Er wäre vielleicht nicht auf dieser Seite und beim Bankett mit Bianca Jagger gelandet, hätte der nächste Hinrichtungsbefehl – wenige Wochen nach der Exekution von Edward Earl Johnson – einen anderen als Connie Evans betroffen. Zu Johnson hatte Cabana Distanz gehalten. Aber Evans hatte der Direktor über die Jahre bei ihren Unterhaltungen durch die Gitterstäbe mehr anvertraut als den meisten seiner Kollegen. Zum Beispiel, daß er als zehntes Kind einer heroinabhängigen Prostiuierten in einem Bostoner Slum-Viertel geboren wurde. Daß er erst im Heim, dann bei Adoptiveltern aufwuchs. Daß seine Mutter Jahre im Gefängnis verbracht hatte. „Ihre Mutter war im Knast?“ fragte Evans ungläubig, der den Direktor inzwischen umgetauft hatte, „Mister C., wollen Sie mich hochnehmen?“ In stillen Stunden begann Cabana sich zu fragen, was ihn außer ein paar segensreichen Fügungen auf dieser Seite der Gitterstäbe hatte landen lassen.
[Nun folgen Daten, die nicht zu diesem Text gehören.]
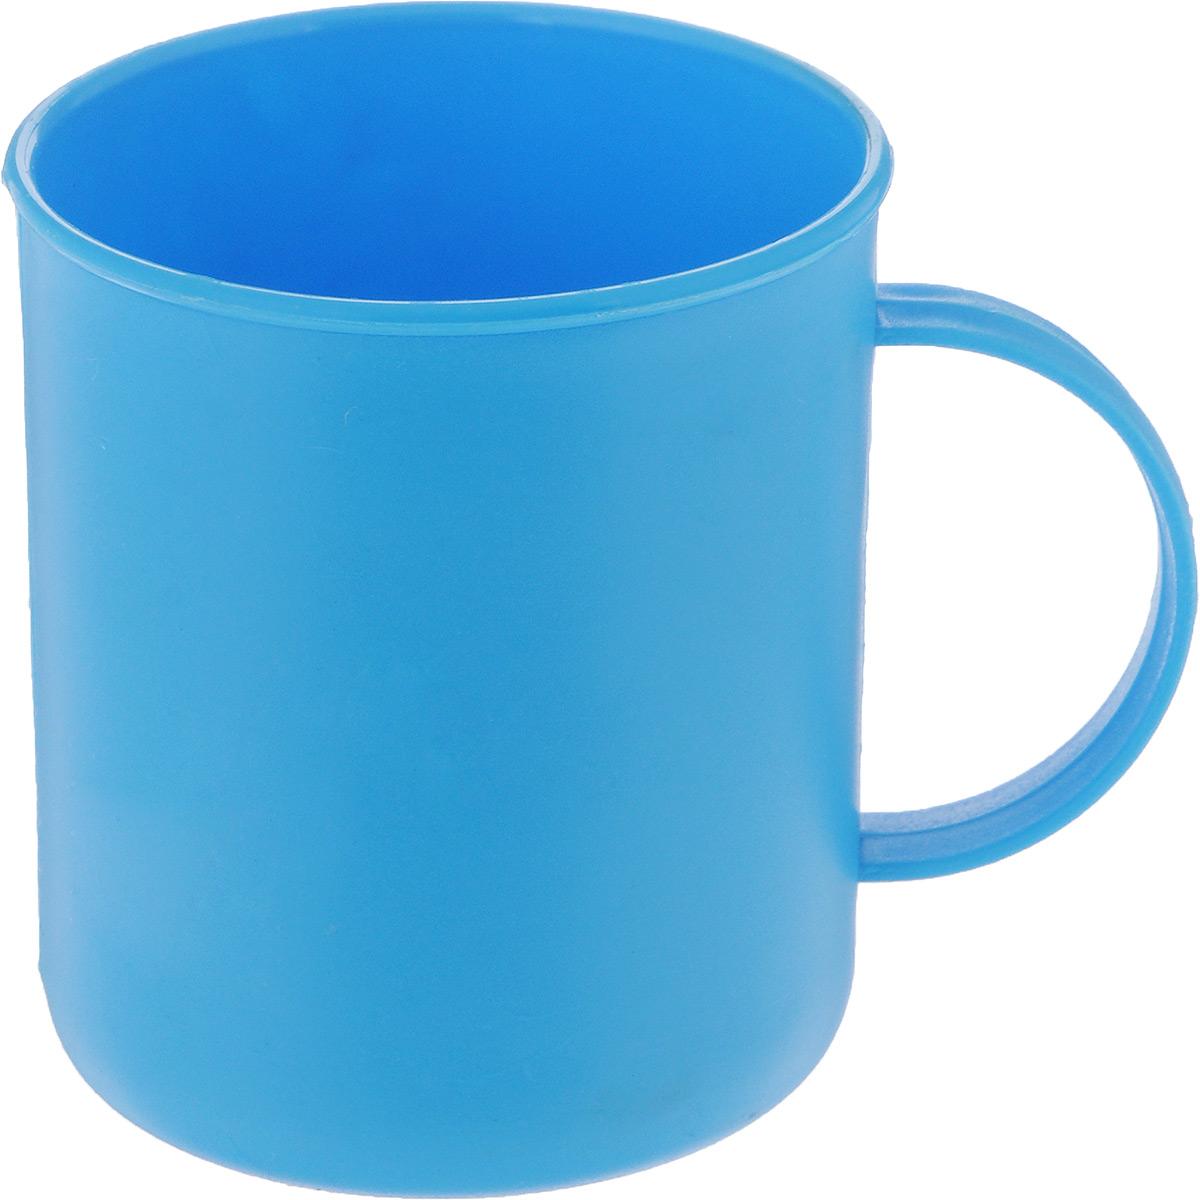 Кружка Gotoff, цвет: голубой, 300 мл115510Кружка Gotoff выполнена из прочного пищевого полипропилена. Изделие отлично подойдет как для холодных, так и для горячих напитков. Его удобно использовать дома или на даче, брать с собой на пикники и в поездки. Отличный вариант для детских праздников. Такая кружка не разобьется и будет служить вам долгое время.Диаметр кружки (по верхнему краю): 7,5 см. Высота кружки: 8,5 см.

Connie Ray Evans wurde am 7.Juli 1987 unter Don Cabanas Aufsicht exekutiert. Der Gefängnisdirektor hatte in den Tagen zuvor mehrfach den Gouverneur um Begnadigung gebeten. Wenn einer ein Musterbeispiel für Reue und Rehabilitation sei, argumentierte er mit der Unterstützung zahlreicher Wärter, dann Evans. Doch damit kam er gegen die Logik des Gouverneurs nicht an. Wer rehabilitierbar ist, wird nicht zum Tode verurteilt. Bill Allain hatte als ehemaliger Generalstaatsanwalt von Mississippi das Todesurteil gegen Evans in mehreren Instanzen verteidigt. Er dachte gar nicht daran, es als Gouverneur umzuwandeln.
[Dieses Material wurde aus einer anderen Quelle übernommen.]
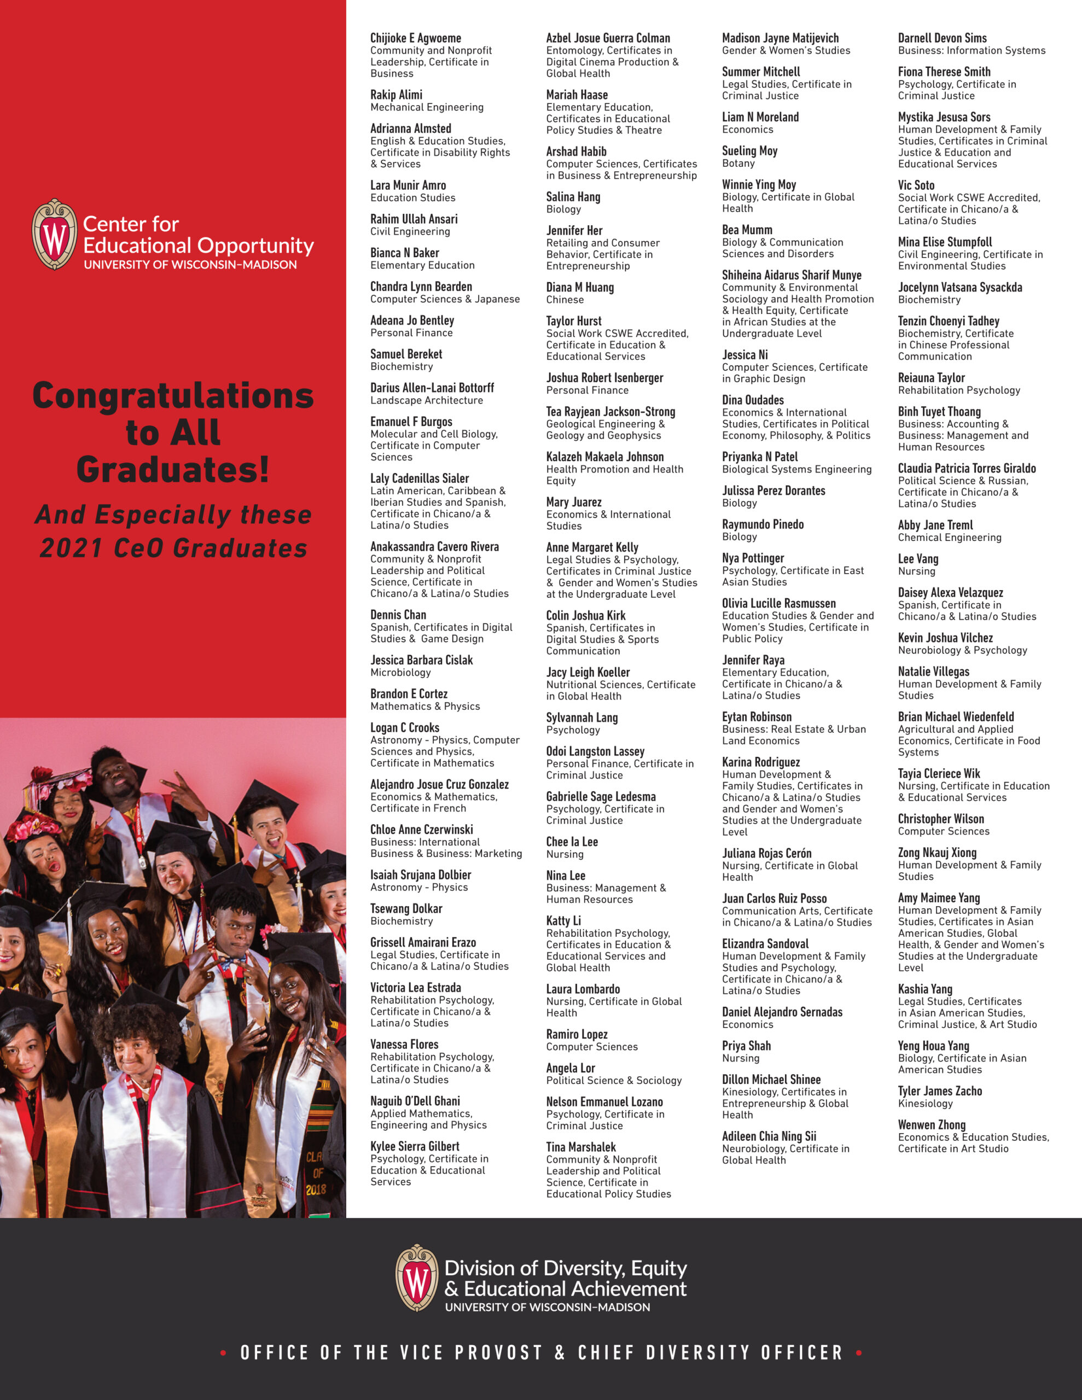 Felicitaciones a todos los Graduados del programa CeO 2021

Aber er bot Cabana an, sich am Hinrichtungstag auf Dienstreise schicken zu lassen. „Wenn Sie nicht wollen, lassen wir es eben jemand anderes machen.“ Cabana lehnte ab – mit einer Begründung, die bei einigen Todesstrafengegnern auf Unverständnis und Empörung, bei Evans' Mitgefangenen auf Verständnis stieß. „Ich wollte es keinem meiner Untergebenen aufbürden – und ich wollte Connie nicht im Stich lassen.“

Kurze Zeit später ließ er sich von seinem Posten in Parchman in ein Gefängnis ohne Todestrakt versetzen, um schließlich eine Stelle als Kriminologiedozent in der „University of Southern Mississippi“ anzutreten. Aber es dauerte nach Evans' Exekution noch vier Jahre, bis er zum Telefonhörer griff, und sich von der Auskunft die Nummer einer Organisation gegen die Todesstrafe heraussuchen ließ. Dort wollte man seiner Geschichte erst nicht glauben. Noch nie hatte einer, der Menschen exekutiert hatte, sich öffentlich von der Todesstrafe distanziert und seine Mitarbeit angeboten. Seitdem reist er von einer Veranstaltung zur anderen, hat ein Buch geschrieben, zahlreiche kalte Blicke und heimliche Sympathiebekundungen von ehemaligen Kollegen bekommen.

Er kämpft für jene Gruppe, die in der Debatte um die Todesstrafe seiner Ansicht nach völlig übersehen wird: die Strafvollzugsbediensteten. „Da heißt es eines Tages: ,Direktor, um Mitternacht exekutieren Sie den Insassen XY. Morgen erscheinen Sie dann wieder zum regulären Dienst.' Als ob eine Hinrichtung bei uns nicht einmal einen Windhauch verursachen würde. Ich sage Ihnen, sie löst ein Erdbeben aus.“

Über Connie Evans zu reden, ist für ihn ein Mittel, mit den psychischen Folgen dieses Erdbebens fertig zu werden. Doch neun Jahre nach der Exekution von Edward Johnson hat er immer noch nicht den Mut gefunden, öffentlich zu sagen, was er im Zwiegespräch unter Tränen zugibt: daß er Johnson für unschuldig hält. Der Gedanke allein erdrückt ihn schier, „und ich trage das bis in mein Grab.“ Genau wie es ihm der junge Schwarze am Tage seiner Hinrichtung prophezeit hatte.